Portland Transit Mall

In 2013, about 2.3 million people lived in the Portland region. Over the next 20 years, another 400,000 to 750,000 more residents are expected. To handle this influx, the region has continued to invest in transit and has expanded the light rail system to 52 miles of tracks serving 85 stations.  Keeping cars off the road alleviates traffic congestion and the need to build more freeway lanes. In 2013, TriMet estimated that bus and MAX light rail service throughout the region eliminated about 207,300 car trips every day.

The Portland Transit Mall is the heart of the region’s transit system. It exemplifies a long-standing commitment to developing a sustainable transportation system that reduces greenhouse gas emissions and meets residents’ needs, while managing the region’s growth and creating a livable future.  

Portland’s 1972 Downtown Plan created the vision for a transit mall with exclusive bus lanes and widened landscaped sidewalks. At the time, Portland had significant air pollution problems. Carbon monoxide and ozone levels exceeded air quality standards and smog hovered over Portland. Cars clogged the streets and parking lots covered entire blocks. Encouraging the increased use of mass transit, reducing reliance on the automobile and building the transit mall were key strategies for cleaning Portland’s air and meeting the city’s goals for an economically-viable and accessible downtown.

The Portland Transit Mall is a pair of one-way streets along SW 5th and SW 6th Avenues in downtown Portland that are the center of the regional transit system operated by TriMet. The mall first opened in December 1977, with bus stops serving riders traveling to and from destinations throughout the three-county region. A $220 million renovation in 2009 revitalized the transit mall, reconstructing the roadway pavement, installing new shelters, and adding MAX light rail trains.

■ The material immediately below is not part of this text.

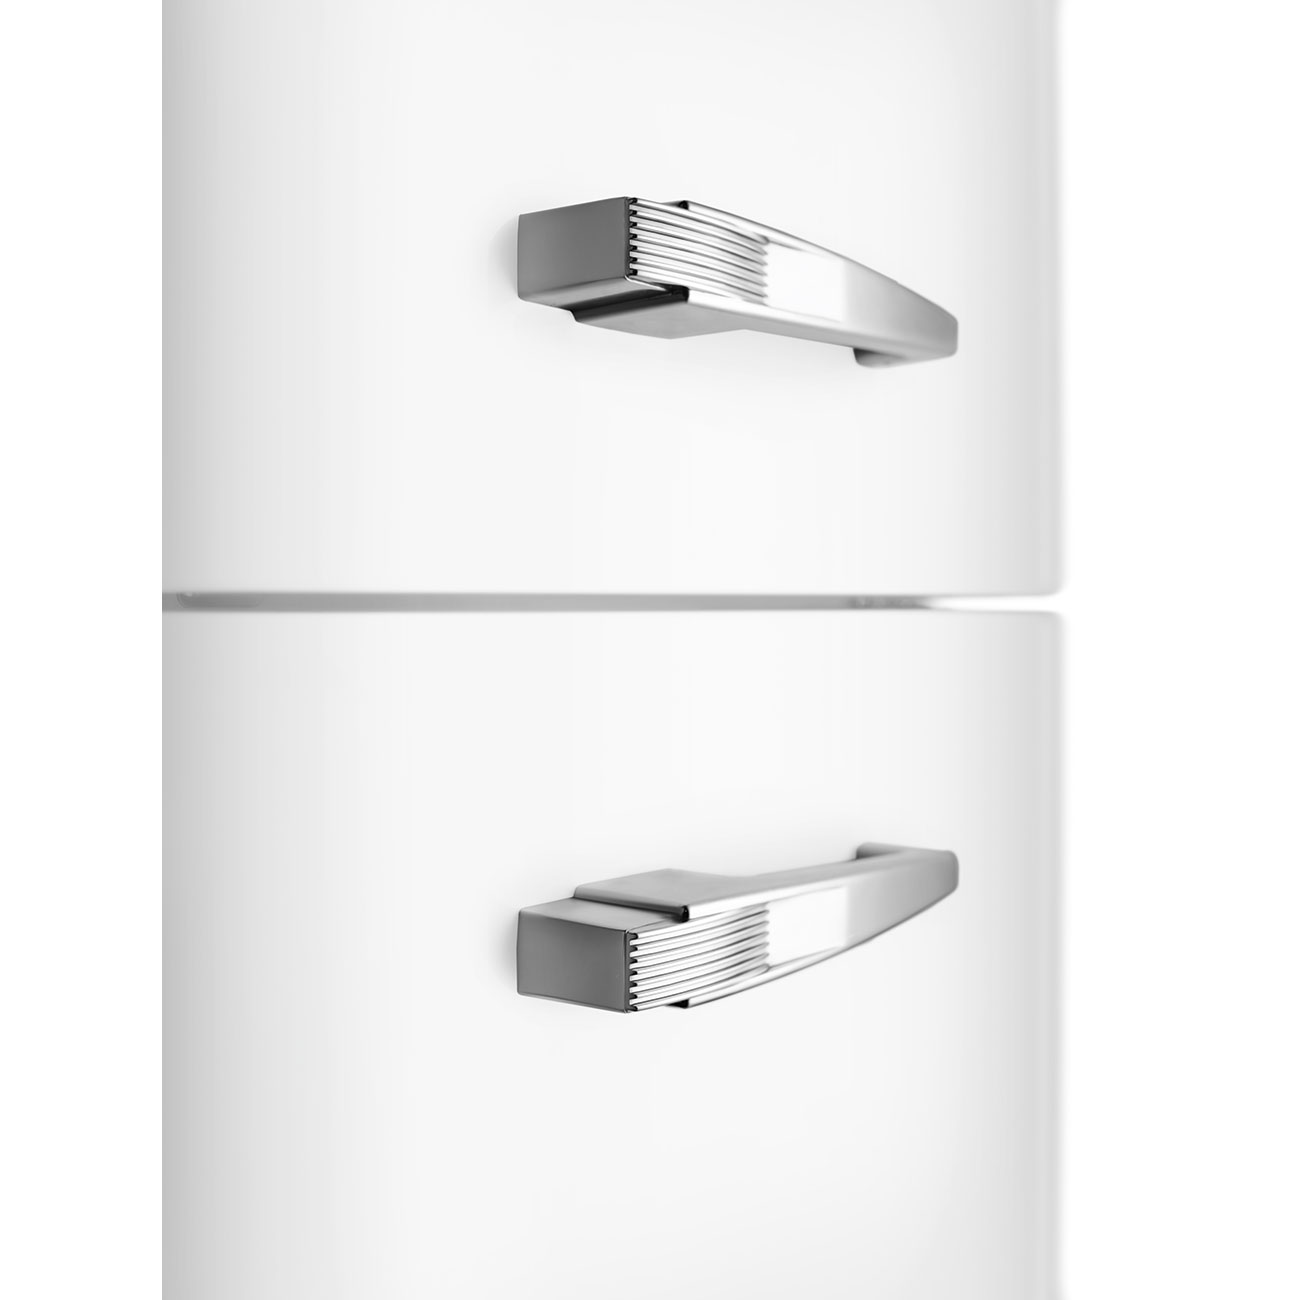 SMEG FAB30RWH5 Отдельностоящий двухдверный холодильник, стиль 50-х годов, 60 см, белый, петли справа
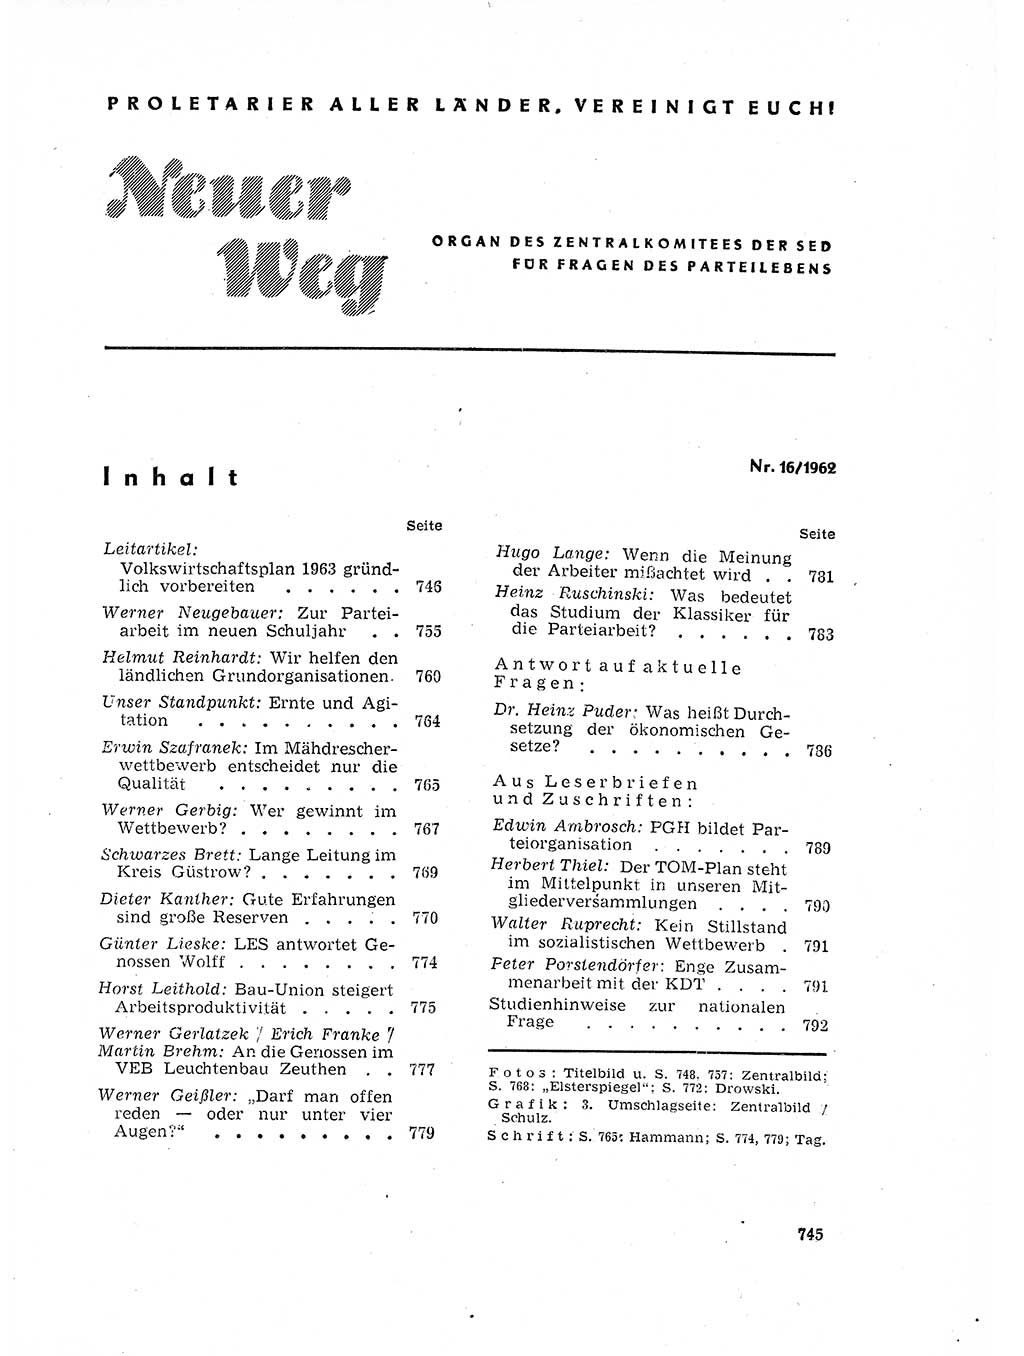 Neuer Weg (NW), Organ des Zentralkomitees (ZK) der SED (Sozialistische Einheitspartei Deutschlands) für Fragen des Parteilebens, 17. Jahrgang [Deutsche Demokratische Republik (DDR)] 1962, Seite 745 (NW ZK SED DDR 1962, S. 745)

Landscape architects are a key part of the design legacy of this landmark transit street. To design the original 1977 transit mall, landscape architects Lawrence Halprin & Associates joined a team led by Skidmore Owings and Merrill. For the 2009 renovation, landscape architects, architects, and urban designers from Portland design firm Zimmer Gunsul Frasca Partnership (ZGF) led the design process. The 2009 project also included landscape architecture and environmental design firm Mayer/Reed, which developed the new transit signage and landscape design; Lango Hansen, the landscape architects for the south terminus; and TriMet staff landscape architects to coordinate design and construction.